Steve and i went out this morning to catch some bait for this weekend. But the funny thing is i had a bobber go down, i set hook and said said cool i have a yellow belly. Then it stopped like i ran into a snag, but then we watched the sang start to move towards the middle of the river. It ends up a snapping turtle grabbed the head of the yellow belly and was eating it. this was definately a first for us


----------



## bassattacker (Mar 14, 2007)

now thats trippy, on a lighter note u dont have to worry about cut bait now its already prepared for u LOL


----------



## pendog66 (Mar 23, 2005)

yea we have video evidence


----------



## bassattacker (Mar 14, 2007)

gotta see the vid of this!!!


----------



## pendog66 (Mar 23, 2005)

i dont know how to put a video on here


----------



## bassattacker (Mar 14, 2007)

u guys going to be down this way this weekend, i havnt hit the gmr in a while so i might try it or some other areas around me this weekend might see u all out and check out the vid if u cant get it loaded, and i aint gotta clue on how to load them, i still gotta get the wifey to let me take the digi out so i can take pics.


----------



## bigdogsteve-o (Aug 26, 2005)

Nate you have to figure out how to put the video on here.

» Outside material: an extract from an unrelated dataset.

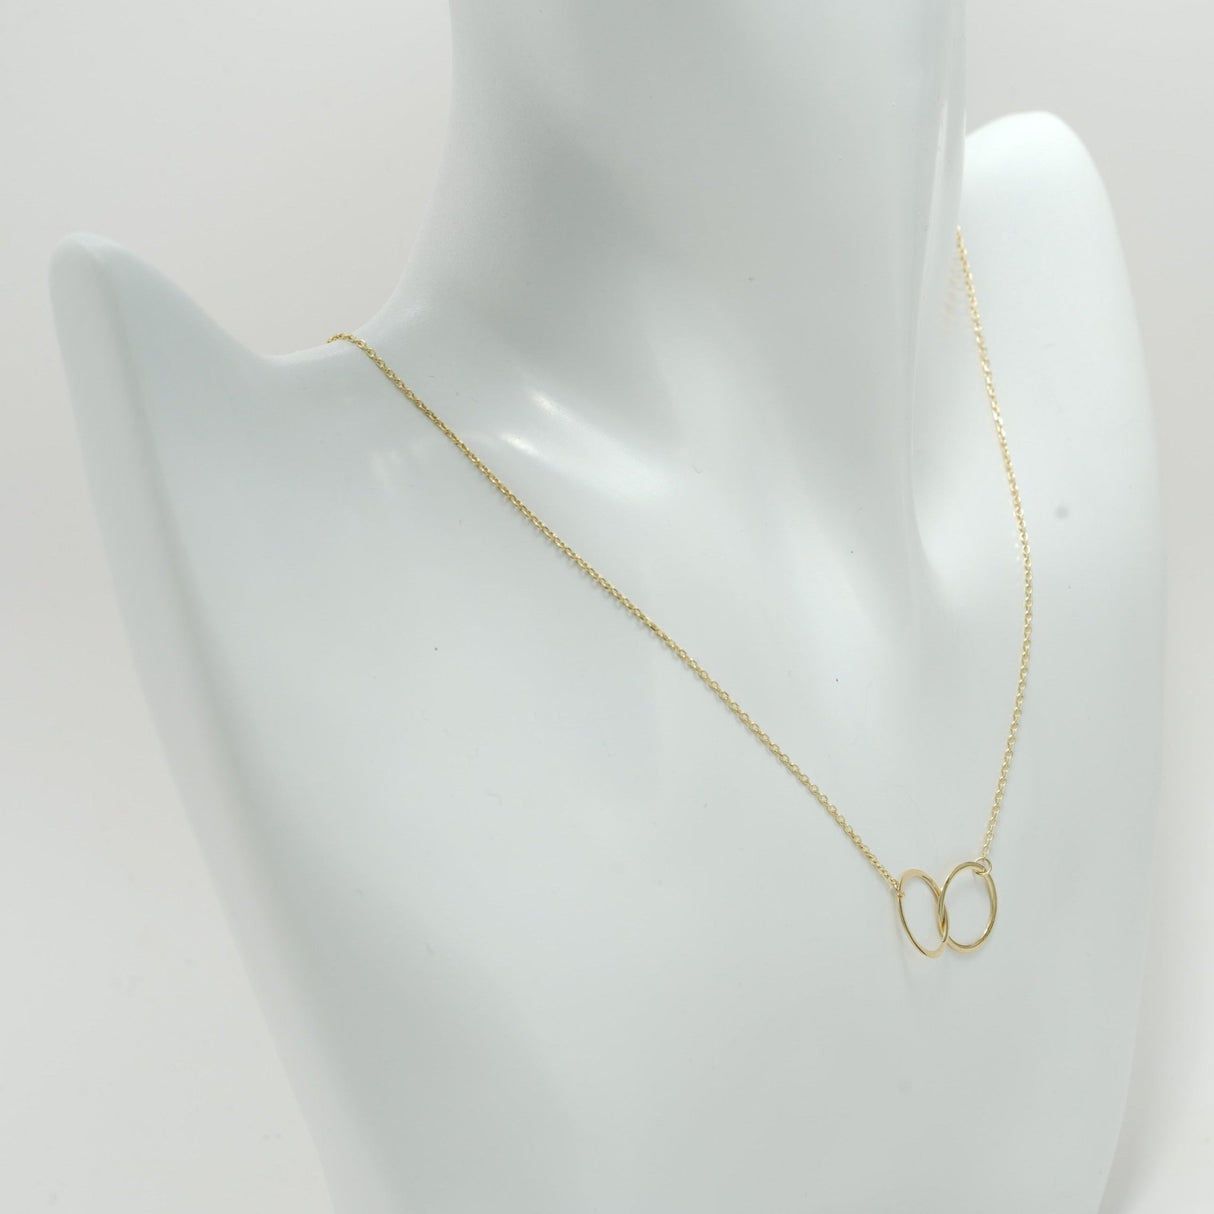 14K Solid Yellow Gold Cable Link Chain / Necklace Thin Dainty Necklace,  Layered Stackable necklace, Minimalist Look, Everyday Gold Chain

That was the most bizzare thing I have seen while fishing.


----------



## pendog66 (Mar 23, 2005)

maybe this will work


----------



## bassattacker (Mar 14, 2007)

nate the reporter and steve the camera man, thats hiliarous.


----------



## pendog66 (Mar 23, 2005)

i think hearing steve breath heavily in the backround from running is hilarious


----------



## bigdogsteve-o (Aug 26, 2005)

that is because I am fat and out of shape


----------



## Fishman (Apr 5, 2004)

pendog66 said:


> i think hearing steve breath heavily in the backround from running is hilarious



haha ya i noticed this too, thanks for clarifying why


----------



## bigdogsteve-o (Aug 26, 2005)

that camera picks that sound up pretty good huh. next time I will talk to get the camera so I don't over shadow Nate..lol


----------



## bassattacker (Mar 14, 2007)

well u and nate might as well start ur own fishing production now, and post it on youtube.


----------